Decided to split this off from the thread "Grease for Campag Hubs".


I just received a small vial of Shimano # Y3B980000, "Special Grease for Freehub Body 50g" and I think it will be an excellent choice for lubricating shifter body internals. Priced around $12 @ Amazon.

I'd guess it's around NLGI-1 consistency, thinner than toothpaste, but not as thin as Shimano # Y04180000 "SP41 special grease" for cable housing. The latter might be an NLGI-0 grease.

The Freehub Body grease is a very light tan color, creamy, and non-tacky. Who knows, maybe it's even re-packaged Kluber NB52.

I typically use heavy SAE 80 oil for lubing freehub pawls, but might give this Shimano grease a try.

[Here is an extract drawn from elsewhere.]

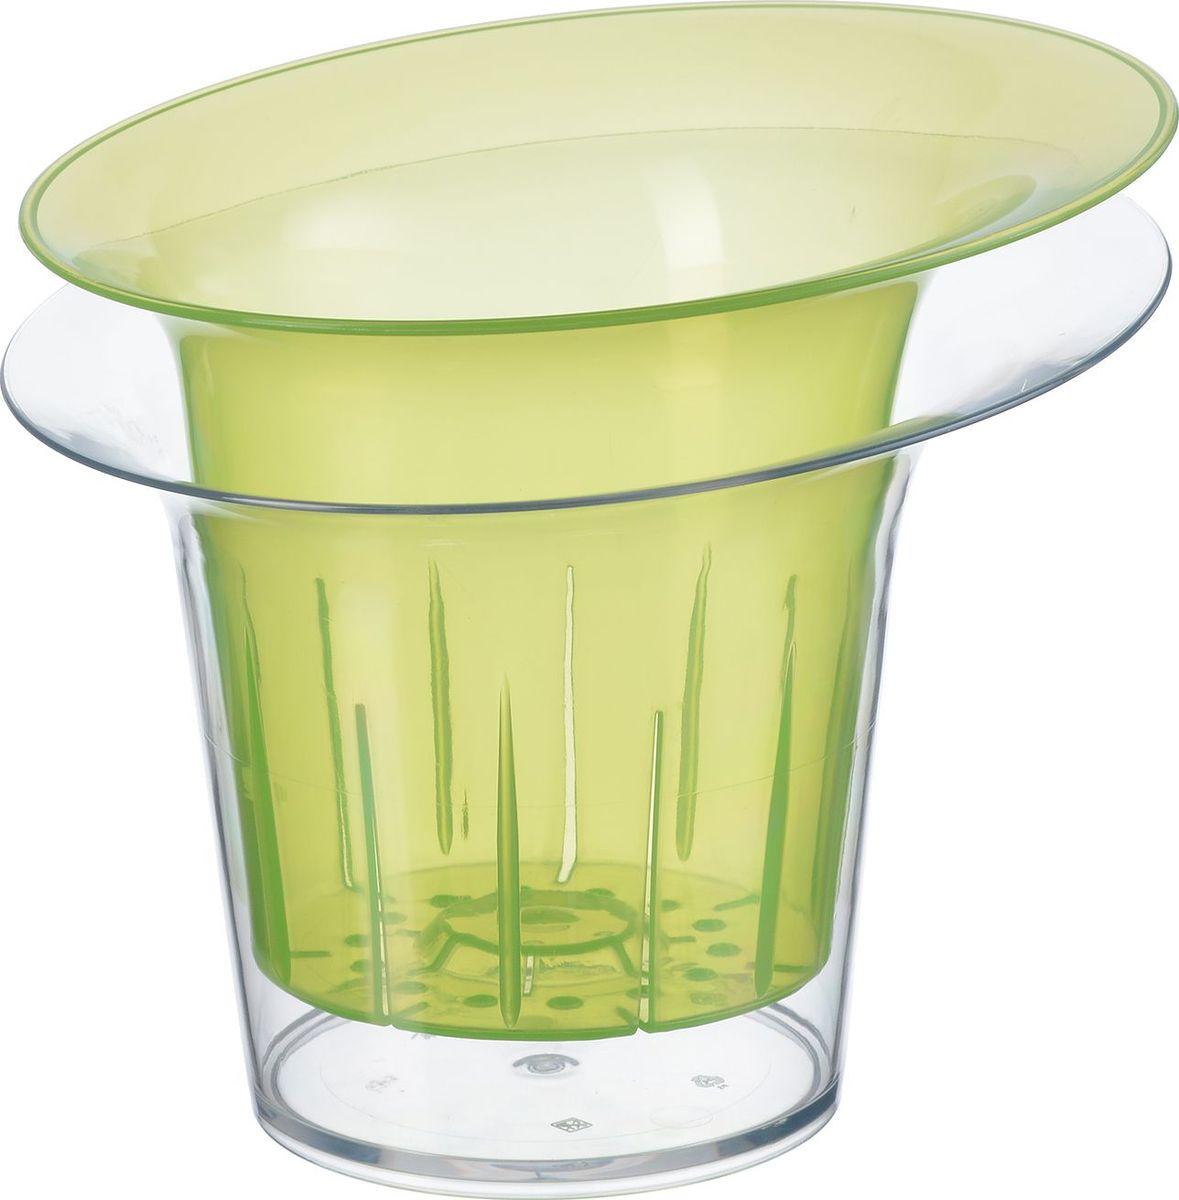 Кашпо для орхидеи Idea Адель, цвет: зеленый прозрачный, 1 л. М 3104М 3104_зеленый прозрачный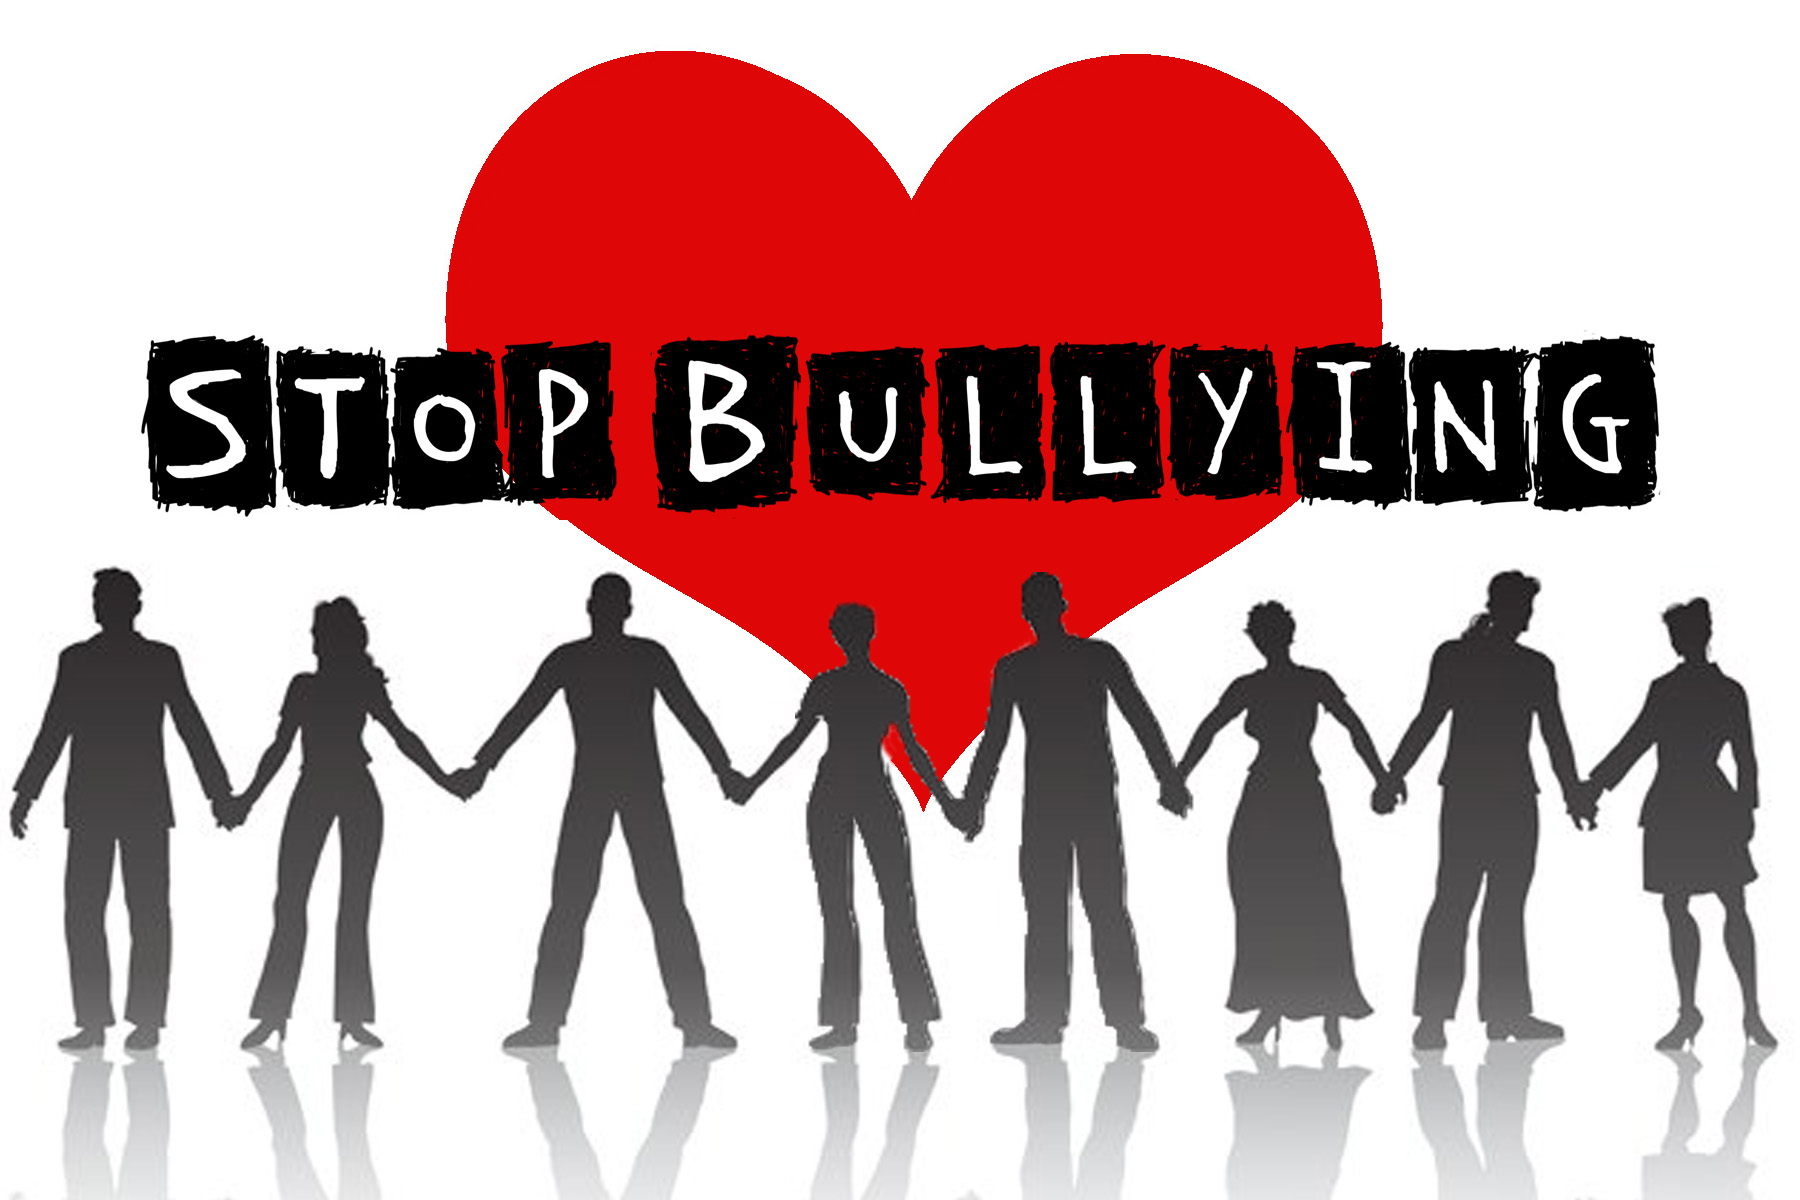 Η επίδραση του σχολικού εκφοβισμού στον ψυχισμό του θύματος και του θύτη

I think Freehub Body grease is too light for uses such as wheel hub, crank, or headset bearings. 
The bright green Dura-Ace grease # Y04110000 / Y04110200 seems a good choice for that, and also other good options for hub bearings.


----------



## hfc (Jan 24, 2003)

I've never had to take any of my Campy shifters apart (except for the old school DT shifter) and never had to lube them. When I used Shimano they would gum up all the time and I would hose them with WD 40 but never with Campy. I suppose if I felt the need to lube from the outside I would use Boeshield T9 or Wd 40.


----------



## nova_rider (Sep 23, 2005)

tom_h said:


> Decided to split this off from the thread "Grease for Campag Hubs".
> 
> 
> I just received a small vial of Shimano # Y3B980000, "Special Grease for Freehub Body 50g" and I think it will be an excellent choice for lubricating shifter body internals. Priced around $12 @ Amazon.
> ...


I've rebuilt and repaired my Record 10 shifters twice. I used Finish Line lithium grease (white stuff) that seemed to best match viscosity and consistency of the factory grease. I've ridden in 90+ and Sub-Zero temps and it performs well.

Sent from my Nexus 7 using Tapatalk


----------